The total time taken to build the model was 0.5 seconds. In this model, 27.11% of instances are incorrectly classified. The cluster instances are given in Table 12 and the classes to cluster matrix value is presented in Table 13.
d) Clustering with Feature Selection Algorithm
For better performance we applied feature selection using PSO where out of 12 attributes, 4 were selected. During the model creation, it has gone through iterations. Out of 118 instances, 43 instances were clustered as cluster 0 and 75 instances were as cluster 1.
The total time taken to build the model obtained was 0.02 seconds and it was observed that 29.66% of instances were clustered incorrectly.
The cluster instances are presented in Table 14 and the classes to cluster matrix is given in Table 15.
Density based clustering: PSO algorithm was applied for feature selection and then the Density based clustering was implemented on the considered dataset.
In this model, out of 12 attribures 4 were selected as the most contributing attributes. It had gone through 5 iterations while building the model. Missing values were globally replaced with mean/mode.
According to cluster centroid from 118 instances 43 belongs to cluster 0 and 75 belongs to cluster1. Cluster 0 has the prior probability 0.4 cluster: 1 has prior probability: 0.6. The total time taken to build model obtained was 0.02 seconds and incorrectly clustered instances were 31.36 %.
The clustered instances of density based clustering with feature selection was given in Table 16 and the classes to clusters of density based clustering with feature selection was presented in Table 17.
Classes to cluster evaluation: The clustering accuracy performance was evaluated against the real classification. The accuracy percentage in both with and without feature selection is shown in Figure 2.
Model building time comparision: The model building time comparision of both classification and clustering techniques with and without feature selection algorithm is shown in Figure 3.
From the graph, it is observed that the model building time reduces significantly with feature selection as compared to without feature selection.
5 Conclusion and Future Directions
In this work, we considered a dataset containing the rain fall details of a particular region. It contains the data of 118 years month wise. The classification techniques j48 and RF and the clustering techniques such as K-means and density based are impleted on the considered dataset. After this, the months minimally contributing for flood prediction were discarded using PSO feature selection method.

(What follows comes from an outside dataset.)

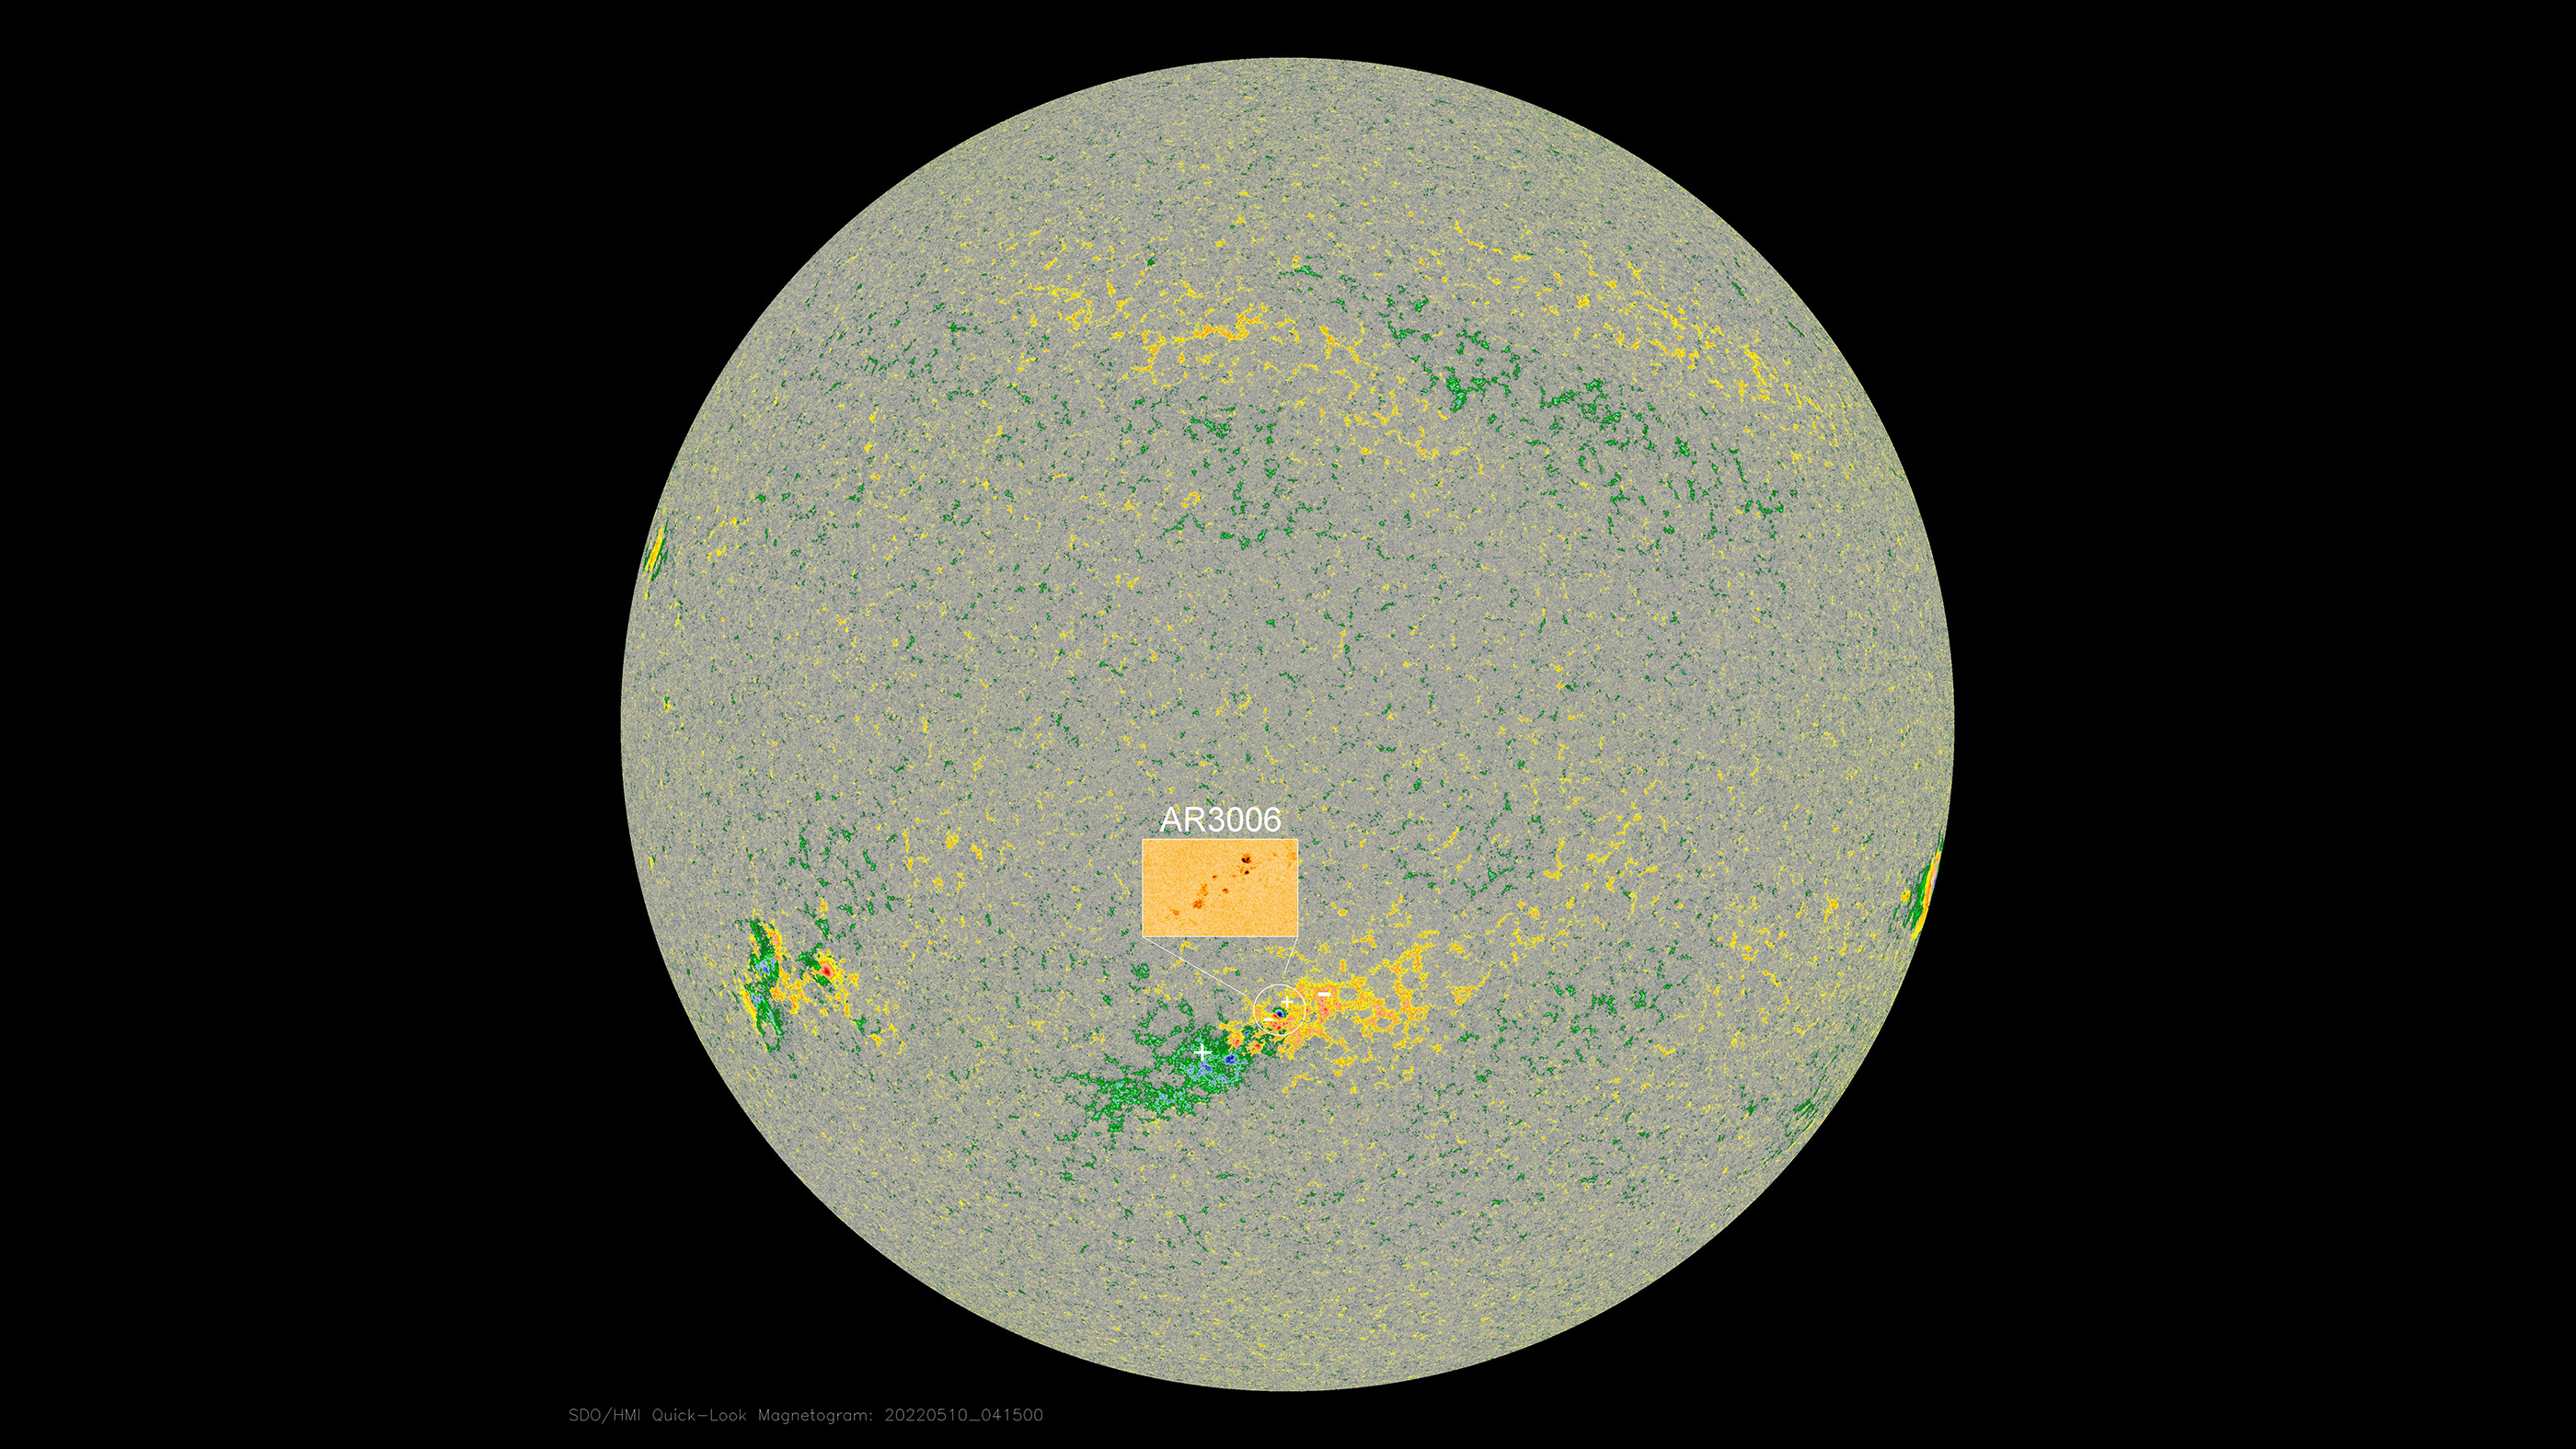 Zonnevlekkengebied AR3006 werd een paar dagen geleden voor het eerst gezien en is nu gedraaid tot nabij het centrum van de zichtbare schijf van de zon, bijna direct op de aarde gericht.

Then the same classification and clustering techniques were again applied and the results in both the cases were compared. It was observed that the accuracy percentage obtained was found to be higher in both clustering and classification when no features are discarded. But the model building time was reduced when the classifications and clustering techniques were applied on the selected features.
In future, if this type of model can be built and embedded in the cloud as a service which can be called as per requirement then alert can be made and proper management of the situation can be done.